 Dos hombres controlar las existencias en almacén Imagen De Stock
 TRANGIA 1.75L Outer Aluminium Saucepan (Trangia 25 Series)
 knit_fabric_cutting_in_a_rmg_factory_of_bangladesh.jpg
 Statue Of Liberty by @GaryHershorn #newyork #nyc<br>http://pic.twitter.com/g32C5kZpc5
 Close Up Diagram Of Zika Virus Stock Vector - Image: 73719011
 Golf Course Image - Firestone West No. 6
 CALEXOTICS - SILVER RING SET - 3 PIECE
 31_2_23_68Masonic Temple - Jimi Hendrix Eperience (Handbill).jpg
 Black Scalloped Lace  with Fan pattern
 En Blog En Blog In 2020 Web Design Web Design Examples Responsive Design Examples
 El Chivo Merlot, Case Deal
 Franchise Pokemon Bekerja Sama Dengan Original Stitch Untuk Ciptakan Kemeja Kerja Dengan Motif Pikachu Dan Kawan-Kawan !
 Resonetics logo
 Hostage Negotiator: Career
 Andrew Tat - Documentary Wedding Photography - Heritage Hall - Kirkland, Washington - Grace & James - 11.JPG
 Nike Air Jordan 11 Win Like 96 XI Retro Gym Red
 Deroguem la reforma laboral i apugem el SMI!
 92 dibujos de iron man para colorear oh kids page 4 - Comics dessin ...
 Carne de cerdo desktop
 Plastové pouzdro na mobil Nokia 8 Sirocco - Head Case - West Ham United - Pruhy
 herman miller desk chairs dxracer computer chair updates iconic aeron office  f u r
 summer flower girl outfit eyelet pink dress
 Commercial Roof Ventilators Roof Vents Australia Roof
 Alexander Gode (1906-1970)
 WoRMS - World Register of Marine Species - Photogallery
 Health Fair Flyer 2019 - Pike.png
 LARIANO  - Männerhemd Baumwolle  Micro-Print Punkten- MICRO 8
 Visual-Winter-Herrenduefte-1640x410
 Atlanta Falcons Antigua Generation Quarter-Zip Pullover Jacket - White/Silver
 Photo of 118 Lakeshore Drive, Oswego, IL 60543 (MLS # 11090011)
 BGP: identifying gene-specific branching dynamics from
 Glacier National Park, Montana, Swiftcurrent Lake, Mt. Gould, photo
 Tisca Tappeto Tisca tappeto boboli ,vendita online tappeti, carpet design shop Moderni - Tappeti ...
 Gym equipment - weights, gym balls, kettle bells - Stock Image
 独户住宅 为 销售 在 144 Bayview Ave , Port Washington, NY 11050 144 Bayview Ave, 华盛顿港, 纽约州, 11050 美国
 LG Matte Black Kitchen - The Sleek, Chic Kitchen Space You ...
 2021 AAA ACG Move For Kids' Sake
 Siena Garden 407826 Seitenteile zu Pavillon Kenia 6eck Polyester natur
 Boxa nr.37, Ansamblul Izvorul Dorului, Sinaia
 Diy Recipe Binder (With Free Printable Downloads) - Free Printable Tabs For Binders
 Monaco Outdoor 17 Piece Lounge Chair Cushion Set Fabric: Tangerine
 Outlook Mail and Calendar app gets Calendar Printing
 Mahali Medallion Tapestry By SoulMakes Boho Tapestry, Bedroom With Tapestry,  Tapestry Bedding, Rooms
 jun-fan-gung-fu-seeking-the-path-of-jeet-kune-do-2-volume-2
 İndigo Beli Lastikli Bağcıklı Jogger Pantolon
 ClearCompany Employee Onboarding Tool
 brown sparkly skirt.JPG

-- WHAT IS BEING ASKED --
Look through the material above and print exactly the lines from the one containing "Hostage Negotiator: Career" to the one containing "2021 AAA ACG Move For Kids' Sake", both included, and nothing more.

-- WRITTEN ANSWER --
 Hostage Negotiator: Career
 Andrew Tat - Documentary Wedding Photography - Heritage Hall - Kirkland, Washington - Grace & James - 11.JPG
 Nike Air Jordan 11 Win Like 96 XI Retro Gym Red
 Deroguem la reforma laboral i apugem el SMI!
 92 dibujos de iron man para colorear oh kids page 4 - Comics dessin ...
 Carne de cerdo desktop
 Plastové pouzdro na mobil Nokia 8 Sirocco - Head Case - West Ham United - Pruhy
 herman miller desk chairs dxracer computer chair updates iconic aeron office  f u r
 summer flower girl outfit eyelet pink dress
 Commercial Roof Ventilators Roof Vents Australia Roof
 Alexander Gode (1906-1970)
 WoRMS - World Register of Marine Species - Photogallery
 Health Fair Flyer 2019 - Pike.png
 LARIANO  - Männerhemd Baumwolle  Micro-Print Punkten- MICRO 8
 Visual-Winter-Herrenduefte-1640x410
 Atlanta Falcons Antigua Generation Quarter-Zip Pullover Jacket - White/Silver
 Photo of 118 Lakeshore Drive, Oswego, IL 60543 (MLS # 11090011)
 BGP: identifying gene-specific branching dynamics from
 Glacier National Park, Montana, Swiftcurrent Lake, Mt. Gould, photo
 Tisca Tappeto Tisca tappeto boboli ,vendita online tappeti, carpet design shop Moderni - Tappeti ...
 Gym equipment - weights, gym balls, kettle bells - Stock Image
 独户住宅 为 销售 在 144 Bayview Ave , Port Washington, NY 11050 144 Bayview Ave, 华盛顿港, 纽约州, 11050 美国
 LG Matte Black Kitchen - The Sleek, Chic Kitchen Space You ...
 2021 AAA ACG Move For Kids' Sake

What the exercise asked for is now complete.